Бог свидетель, Данута не на него засмотрелась, а на нее, на эту скрипочку — уж больно забавно он пиликал.
Данута как сегодня помнит и этот осенний день, и эту рыночную площадь, и этого бродягу-музыканта с его легкой, почти невесомой скрипкой, окрашенной киноварью листопада, с его диковинными хлесткими куплетами:
Люди кидали ему медяки.
Данута выпросила у пана Скальского гривенник и стала ждать, когда бродяга кончит петь.
Но он пел и играл без остановки, упиваясь своей незатейливой музыкой, не по времени щедрым осенним солнцем, говором крестьян-белорусов, визгом поросят, виолончельным перескрипом телег.

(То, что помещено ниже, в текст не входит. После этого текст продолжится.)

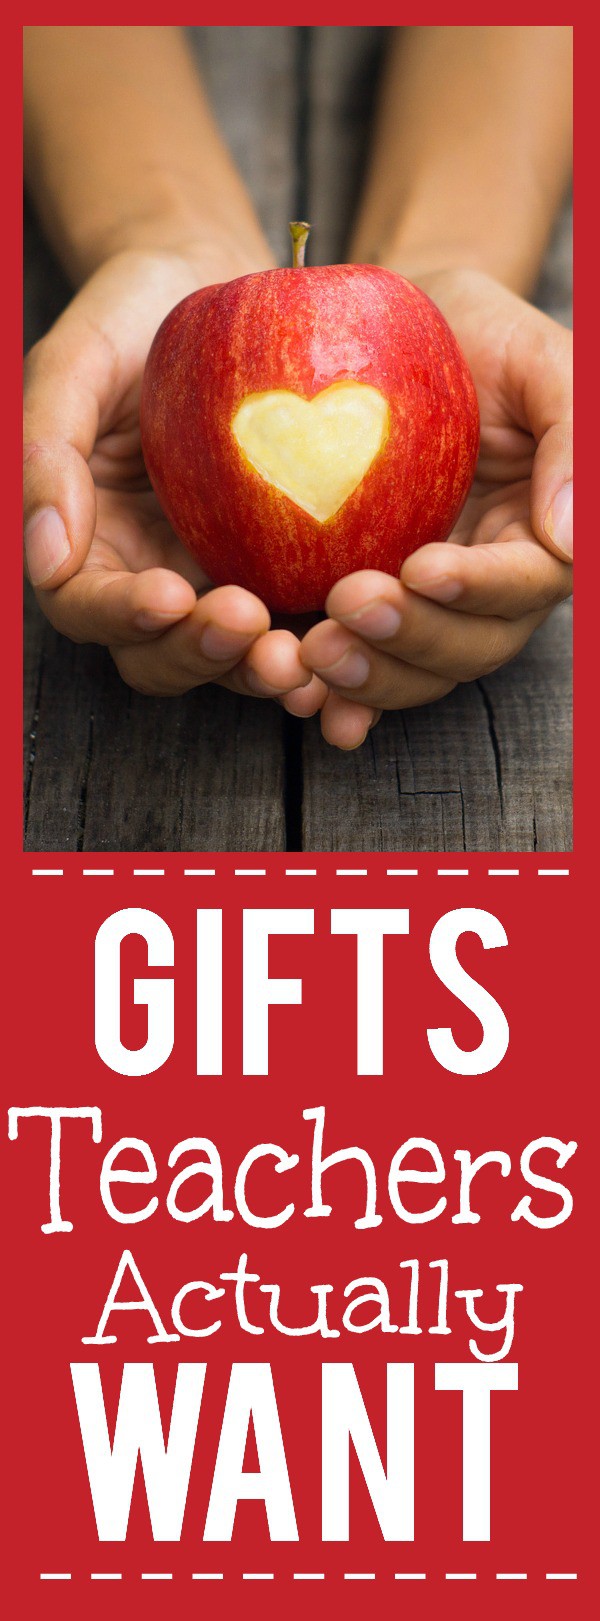 Gift Ideas for Teachers that they'll actually want!  Show your child's teacher they are truly valued and appreciated in a practical way that they'll love with these ideas for Gifts Teachers Actually Want. Great for a back to school gift or as an end of the year teacher gift ideas! From a family of teachers!
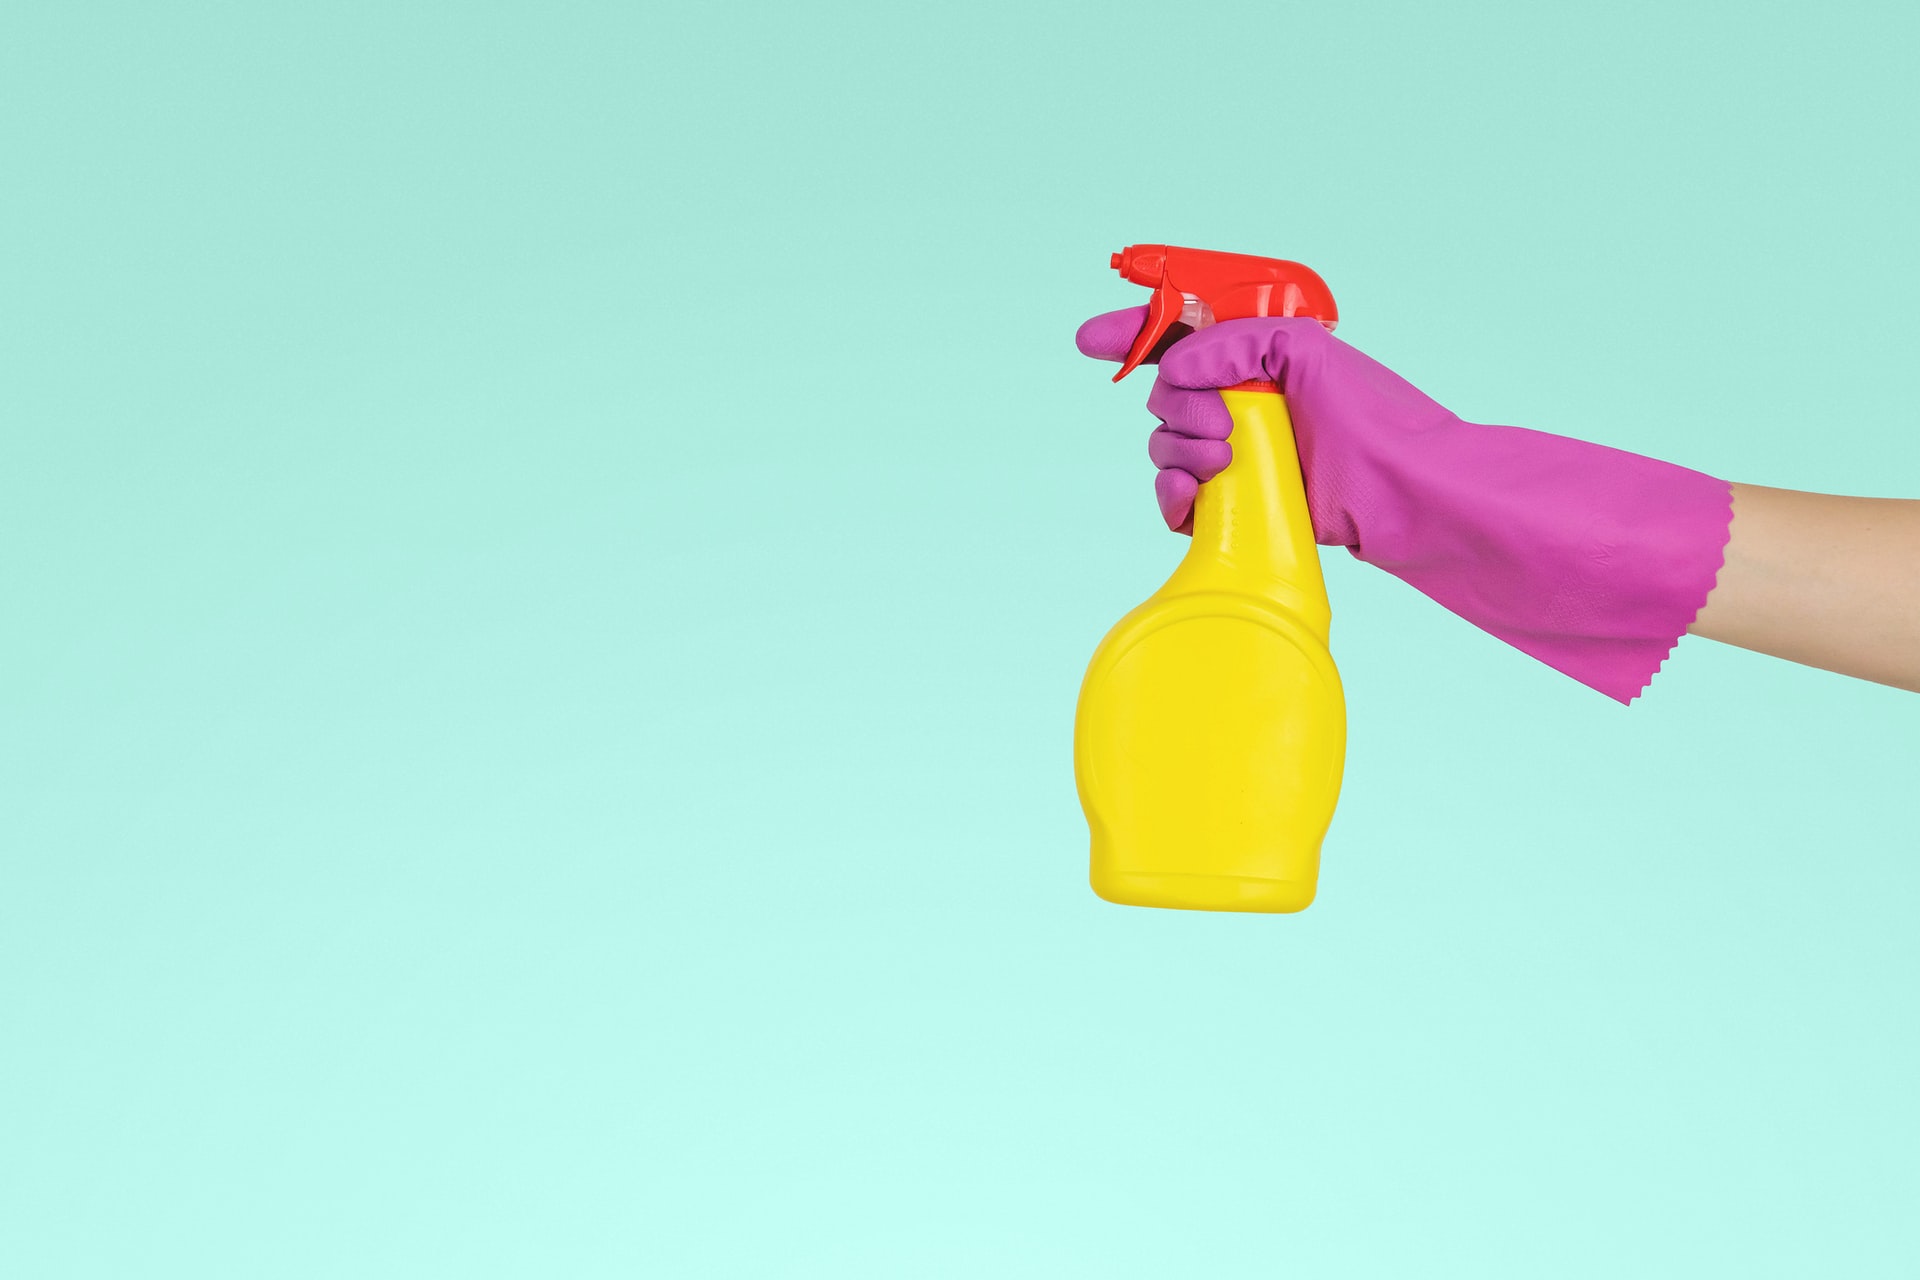 hand wearing purple rubber glove holding a bright yellow spray bottle

Хоть пан Чеслав Скальский и был слеп, он не пропускал ни одной ярмарки, ни одного престольного праздника. Данута поутру приносила ему праздничную одежду, он облачался в серый войлочный зипун, причесывал свои редкие волосы, надевал соломенную шляпу, на которую все время косились местечковые воробьи в надежде выклевать затерявшееся между ее стежками зернышко, и вместе с Данутой — своим бессменным поводырем — отправлялся в город.
— На, — сказала Данута, подойдя вплотную к Эзре, когда тот закончил играть и принялся вытирать пот на смуглом лице, подсвеченном лихорадочно горящими глазами. То были странные глаза. Они просто приклеивались к тому, на кого смотрели.
Монету Эзра не взял, а взял Данутину руку и долго не выпускал ее из своей, такой же теплой и прилипчивой.
Данута пробовала освободиться, но Эзра сжимал ее ладонь, как цыган-прорицатель — она поначалу и приняла его за удалого цыгана.
— Данута! Данута! — встревожился слепой пан Скальский, оставленный без присмотра.
— Пусти! Меня зовут! — прошептала она, замирая от этой негаданной и сладкой неволи.
— Приходи вечером к разрушенному мосту! — скорее грозно, чем ласково промолвил Эзра. — Придешь?
— Возьми монету! — задрожала она, продлевая свою неволю.
— К мосту! К мосту! — нараспев повторил он, и глаза его вспыхнули над ней, как звезды, которые, как ей казалось, только что зажег сам господь.
В тот вечер Данута и бежала из дому. Она ушла в одном платье, с гривенником в руке, хотя усыпить ревнивую бдительность пана Скальского ей удалось не сразу. Пан Скальский не отходил от нее ни на шаг, все время что-то приказывал, просил, спрашивал, закрыта ли на ночь дверь, скоро ли она, Данута, ляжет.
— Ложитесь, пан Чеслав, в постель и ждите меня. Я только… — пытаясь усыпить бдительность своего сторожа, сказала она.
Данута слышала, как слепой снимает ботинки, как расстегивает ремень, как стаскивает с себя рубаху, как сует ноги в шлепанцы, как на ощупь, выбросив вперед руки, семенит к своей постели, в которой давно не было женщины, а постель без женщины — это тот же гроб, только не заколоченный.
Пан Скальский и раньше покушался на ее молодость. Придет, бывало, ночью к ней в комнату, плюхнется на кровать и давай мять девушку, тискать, лапать, шарить под одеялом стеком, постанывая от бессилия и вожделения. Однажды Данута не стерпела, ударила его ногами в грудь, пан Скальский заохал, выронил стек, упал наземь. Убила, промелькнуло у нее! Данута соскочила с кровати, бросилась к Скальскому, стала тереть его обмороженные страхом щеки, просить прощения и, давясь от отвращения, целовать, целовать.
Пан Скальский очнулся, вцепился в нее своими слепыми щупальцами, повалил на пол, и они стали кататься в темноте по скрипучим половицам; половицы скрипели, как живые, изо рта Скальского пахло грехом и тленом; Данута кусала его руки, но Скальский не чувствовал никакой боли, только похотливо дрыгал ногами.